(Dataset content)
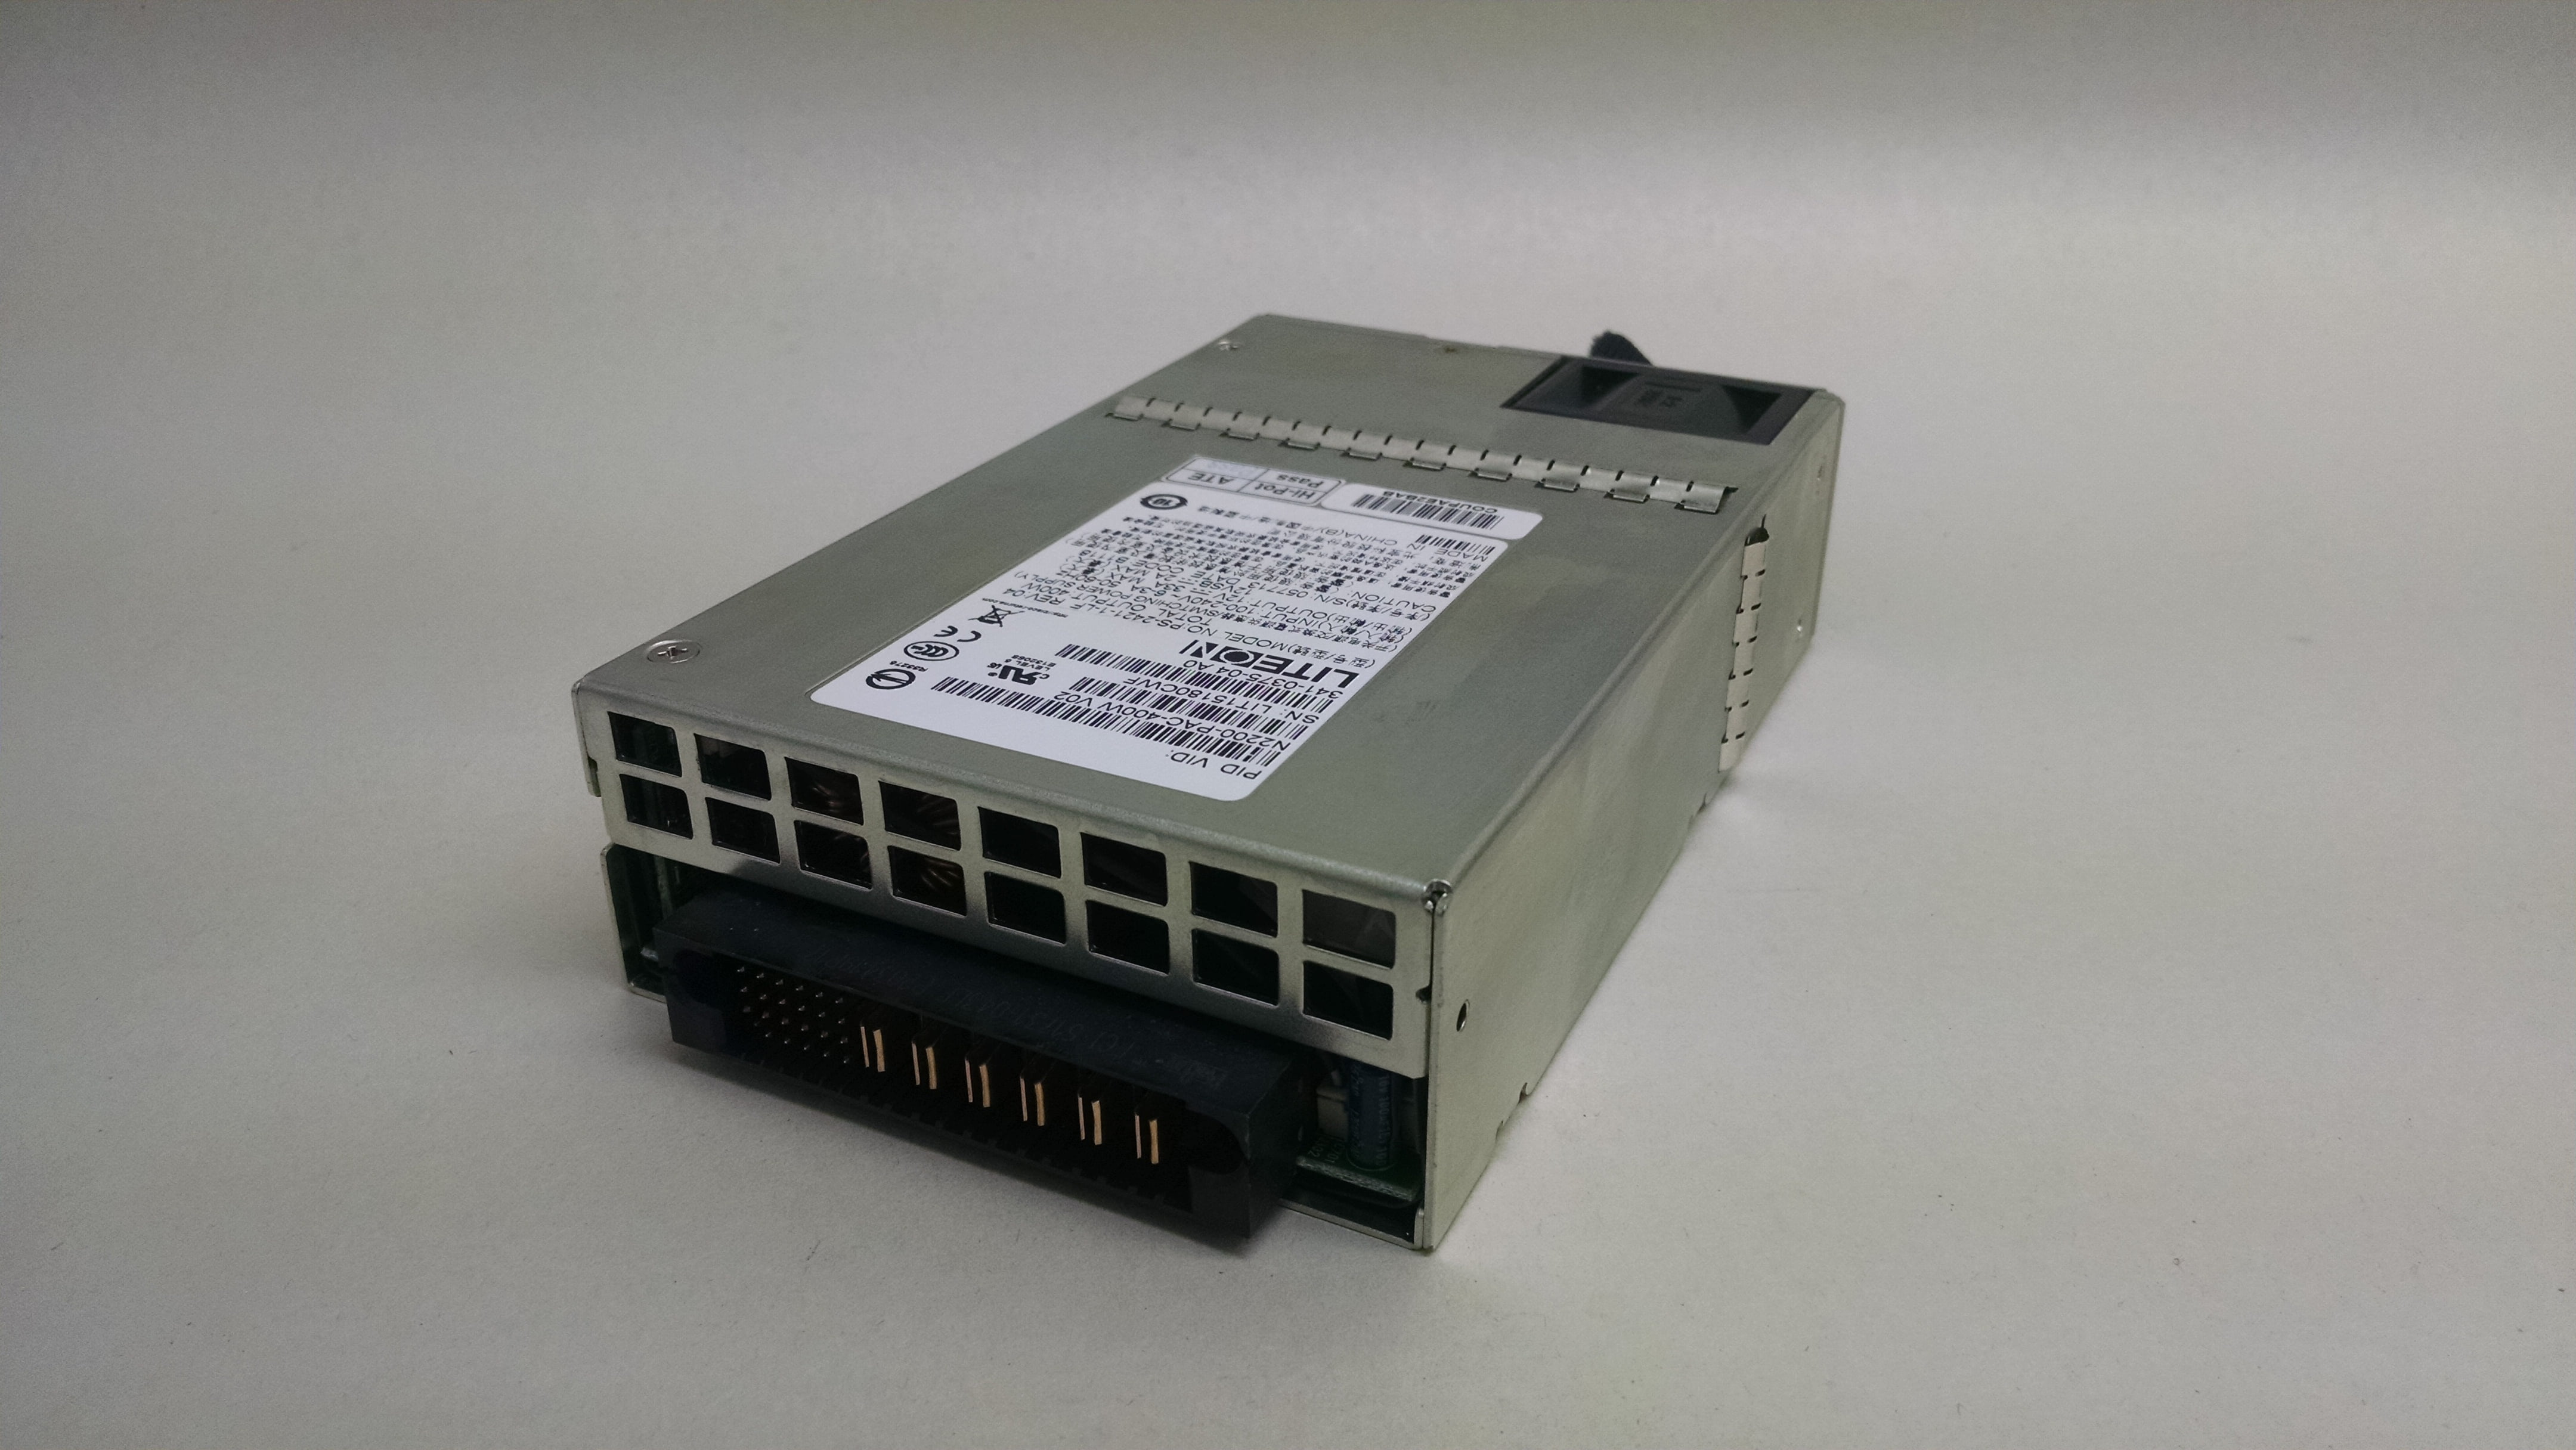 Lot of 5 Liteon PS-2421-1-LF 400W Hot Swap 1U Server Power Supply
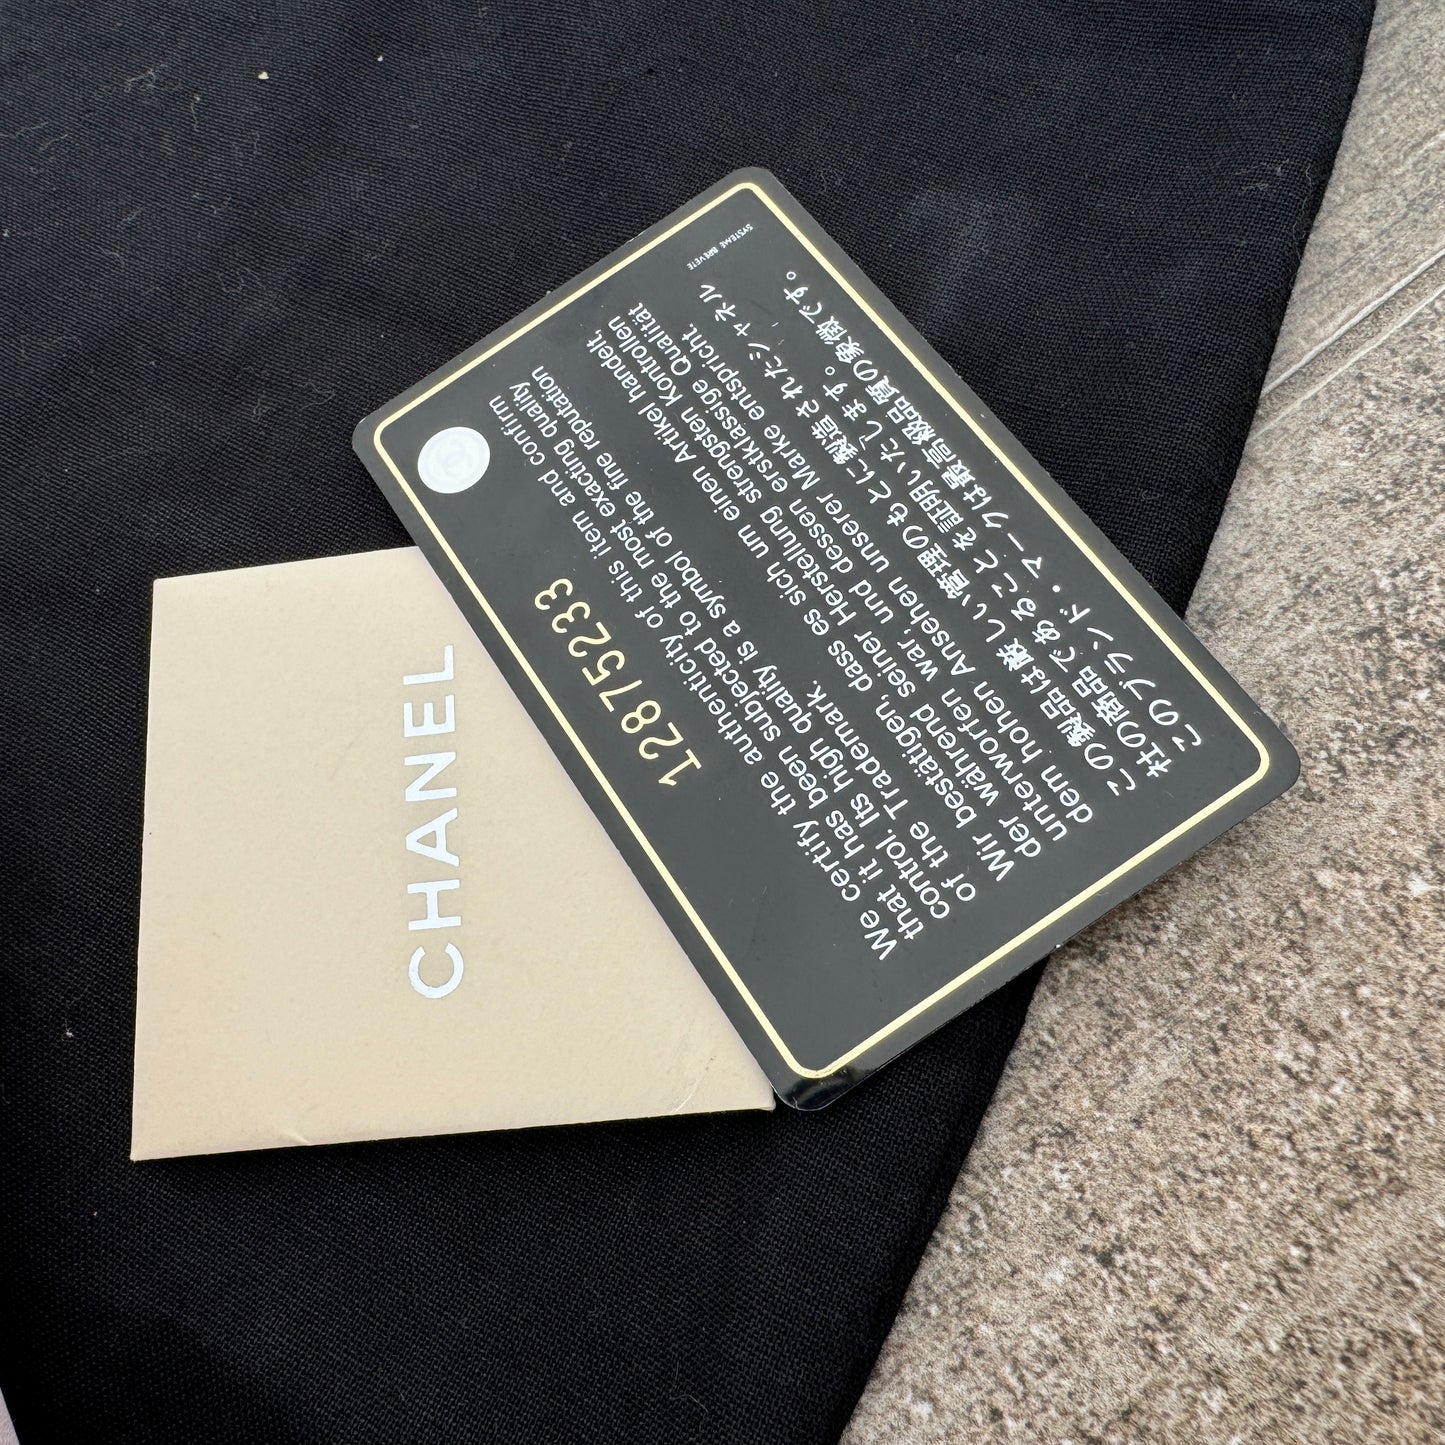 Chanel Reissue 226 Double Flap Calfskin Shoulder Bag
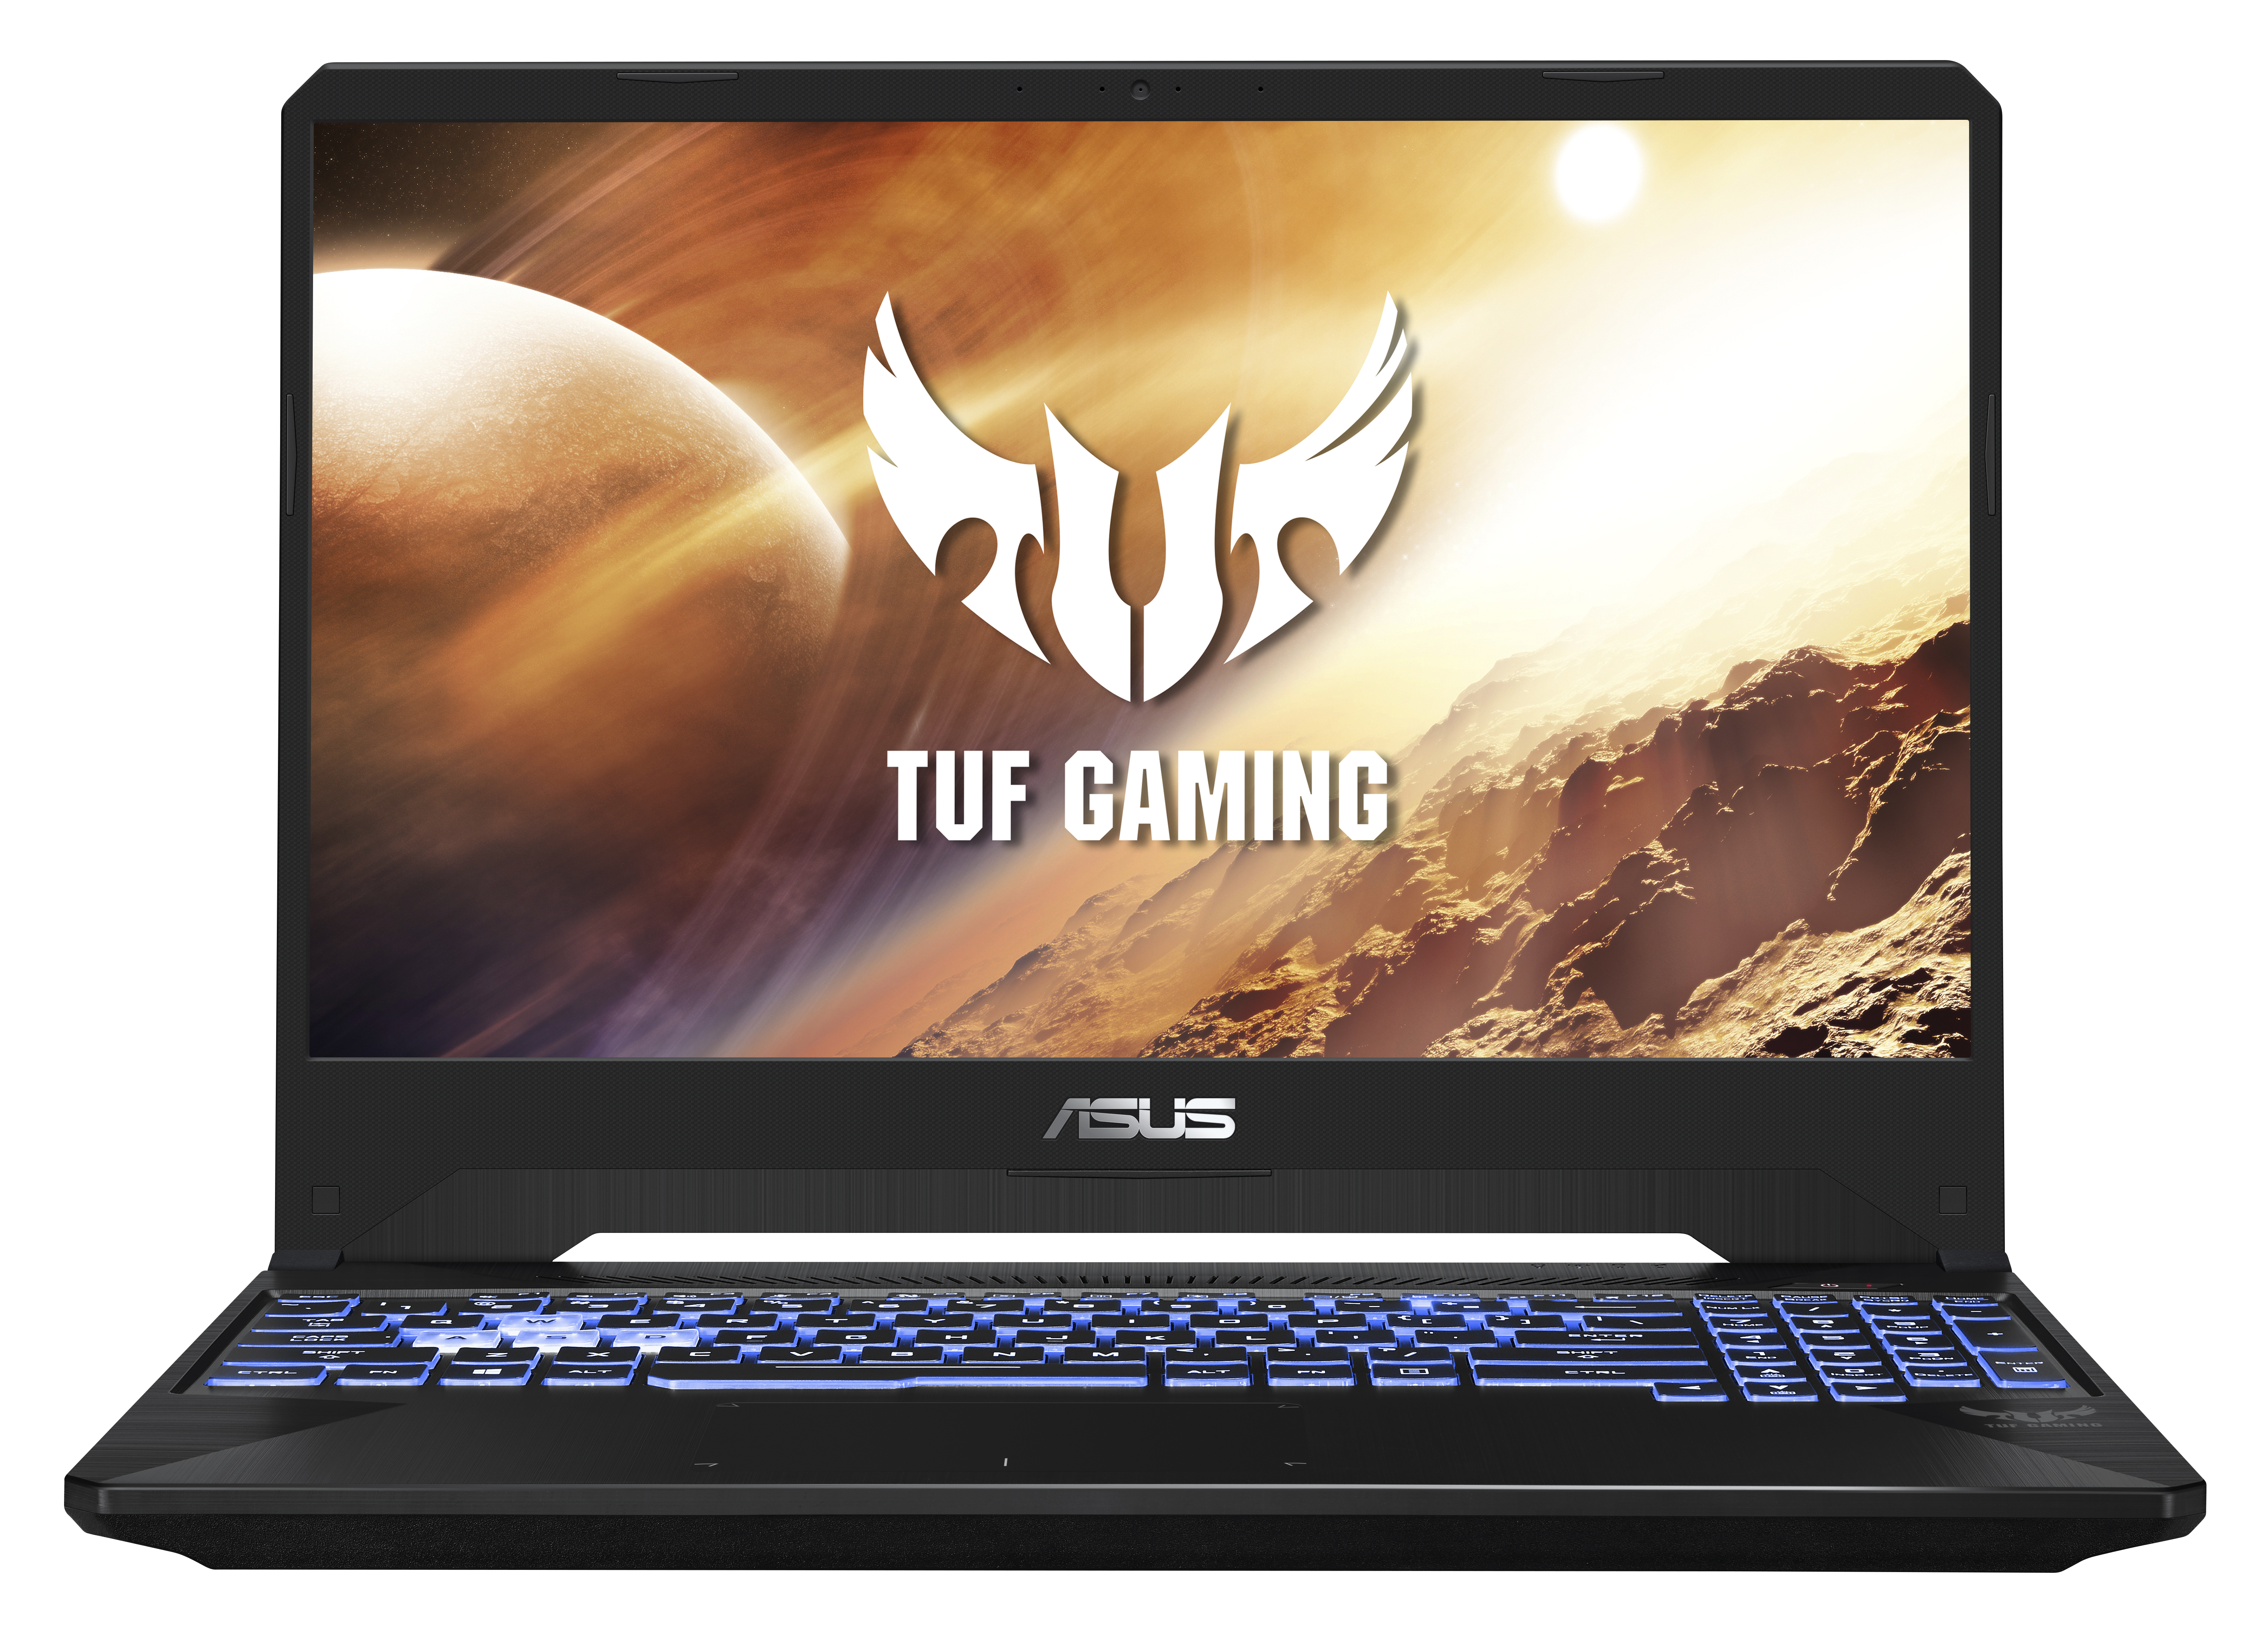 ASUS TUF Gaming 15.6" FHD, AMD Ryzen 7 3750H, NVIDIA GeForce RTX 2060 Graphics, 8GB RAM, 512GB SSD, Stealth Black, FX505DV-WB74 - image 1 of 2

(Description of the task) Please set down the whole listing above exactly and skip every picture.

(Answer box)
 Lot of 5 Liteon PS-2421-1-LF 400W Hot Swap 1U Server Power Supply
 Chanel Reissue 226 Double Flap Calfskin Shoulder Bag
 ASUS TUF Gaming 15.6" FHD, AMD Ryzen 7 3750H, NVIDIA GeForce RTX 2060 Graphics, 8GB RAM, 512GB SSD, Stealth Black, FX505DV-WB74 - image 1 of 2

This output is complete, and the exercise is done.